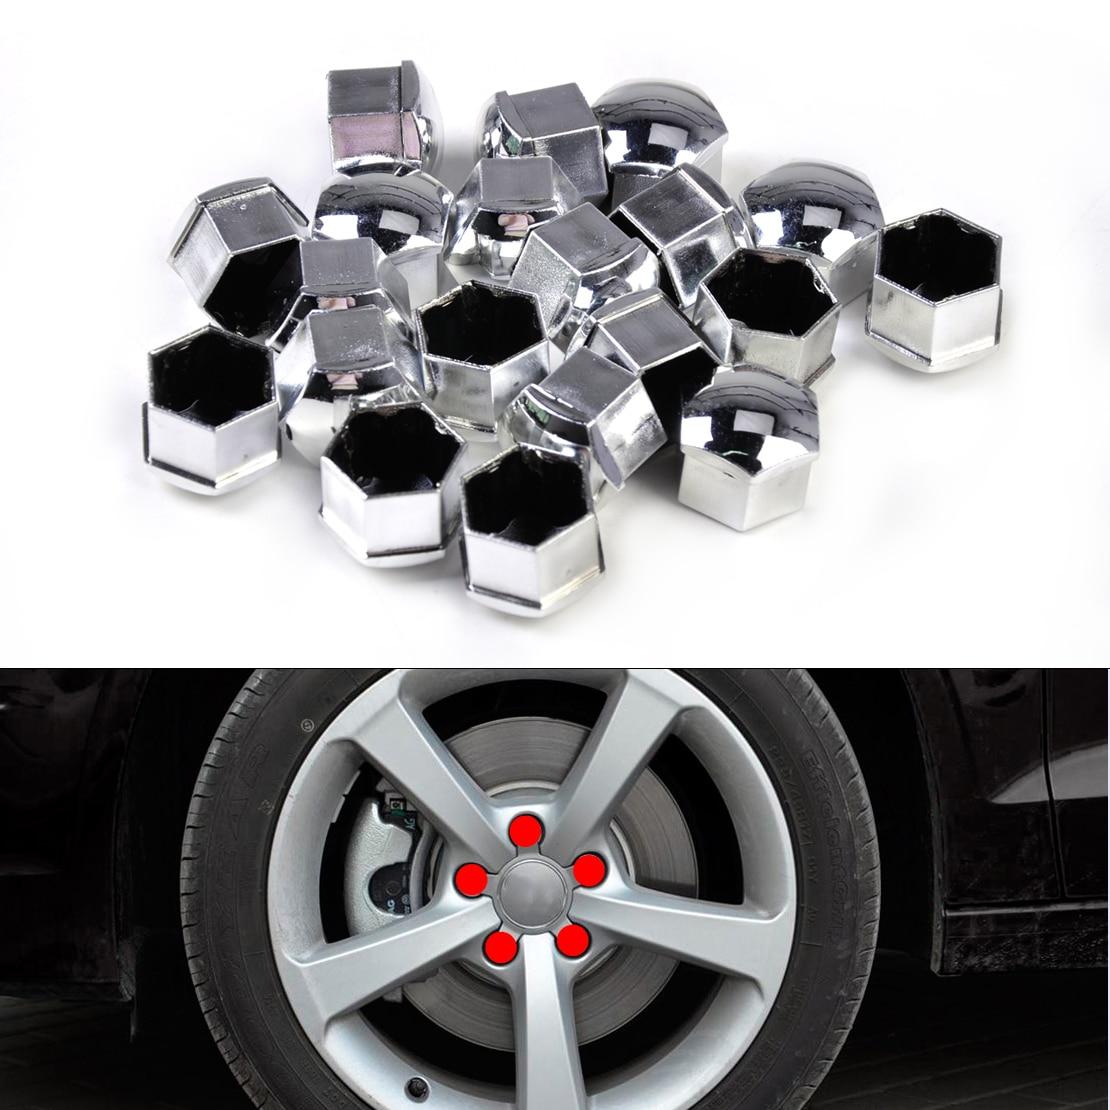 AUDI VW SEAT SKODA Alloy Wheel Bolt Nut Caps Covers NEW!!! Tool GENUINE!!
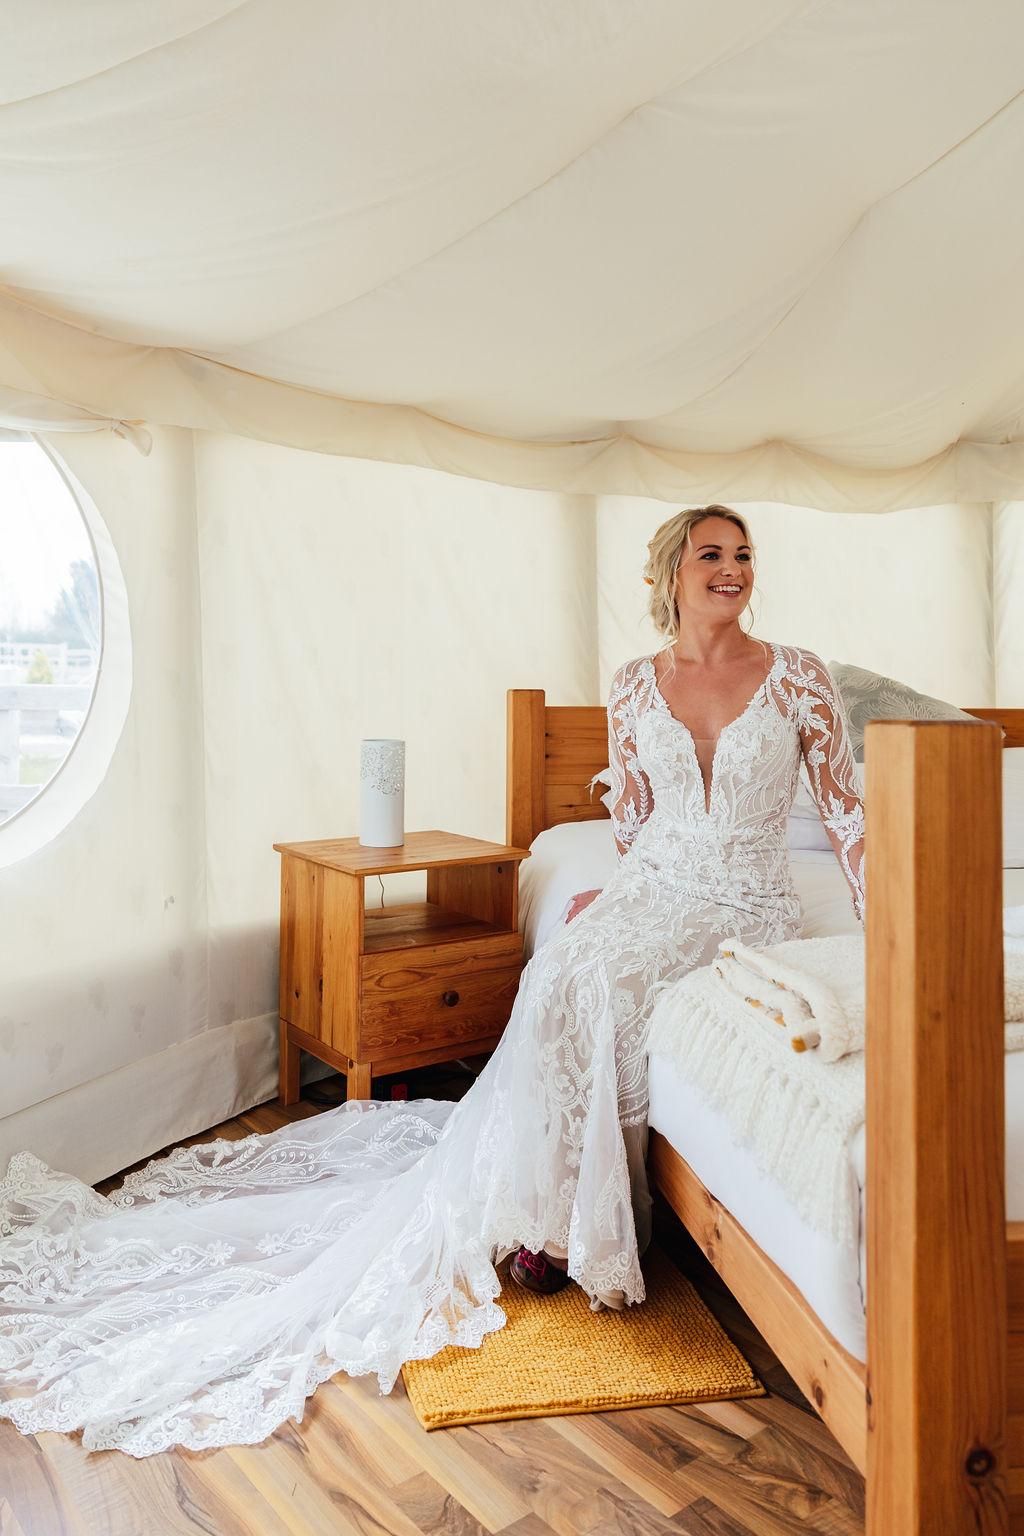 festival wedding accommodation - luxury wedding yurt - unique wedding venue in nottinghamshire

==

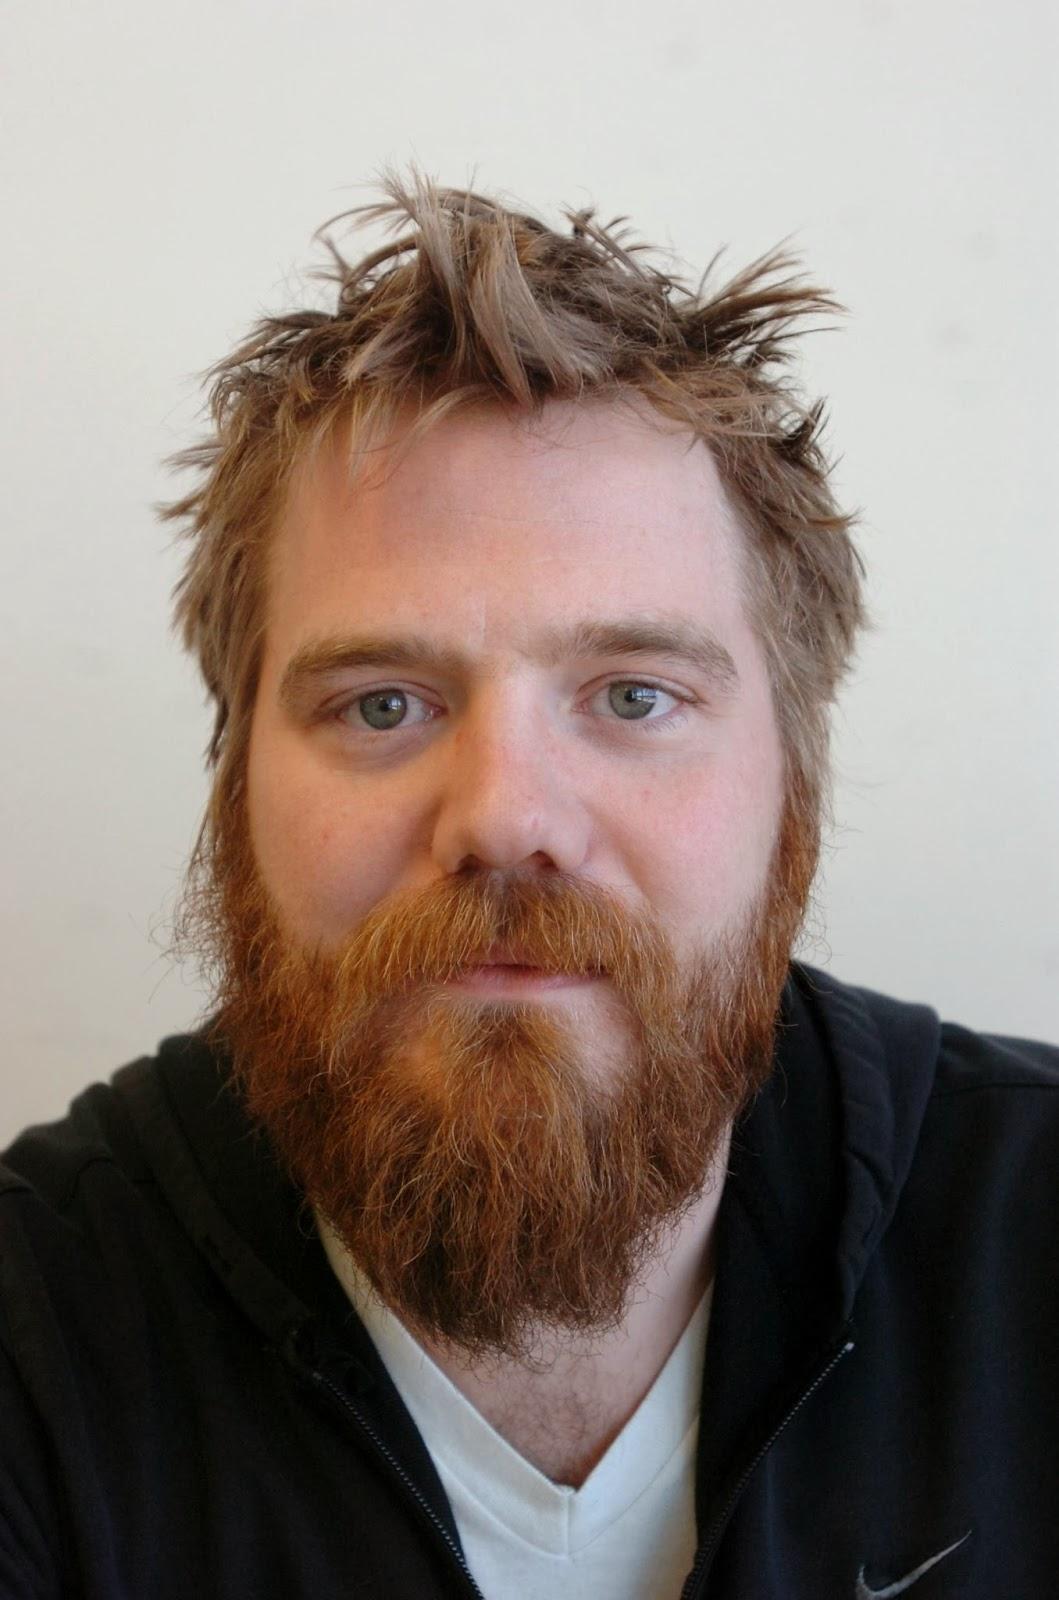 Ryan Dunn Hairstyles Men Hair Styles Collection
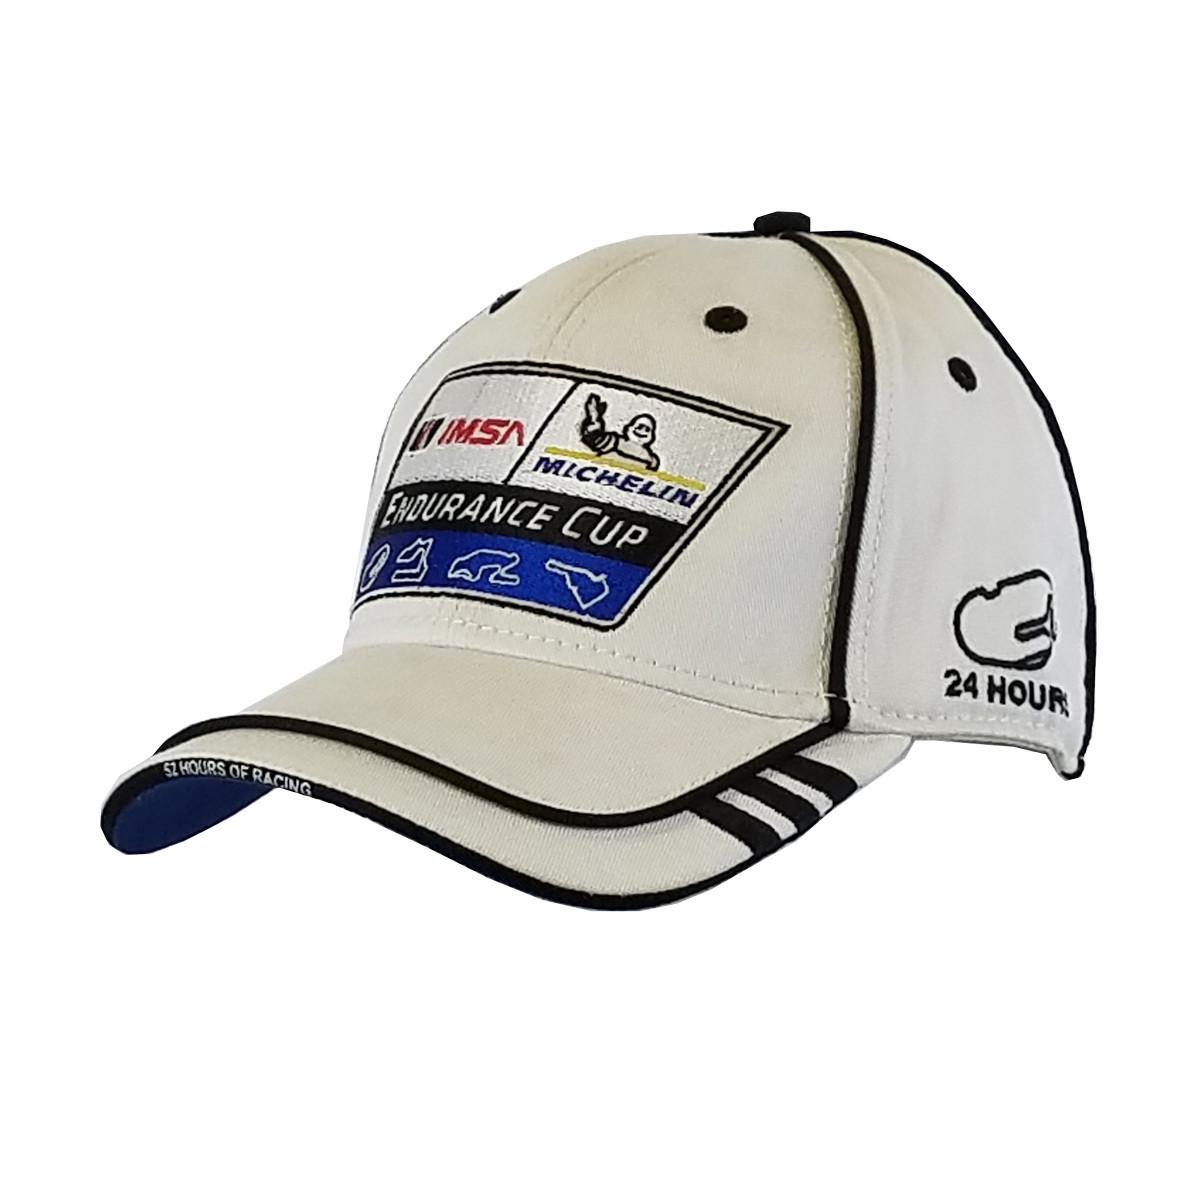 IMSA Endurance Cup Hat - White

#### AIM OF THE EXERCISE
Print the line above containing "AUDI VW SEAT", the line containing "festival wedding accommodation", and everything between them, exactly as written. Pictures stay out.

#### FINISHED TASK
 AUDI VW SEAT SKODA Alloy Wheel Bolt Nut Caps Covers NEW!!! Tool GENUINE!!
 festival wedding accommodation - luxury wedding yurt - unique wedding venue in nottinghamshire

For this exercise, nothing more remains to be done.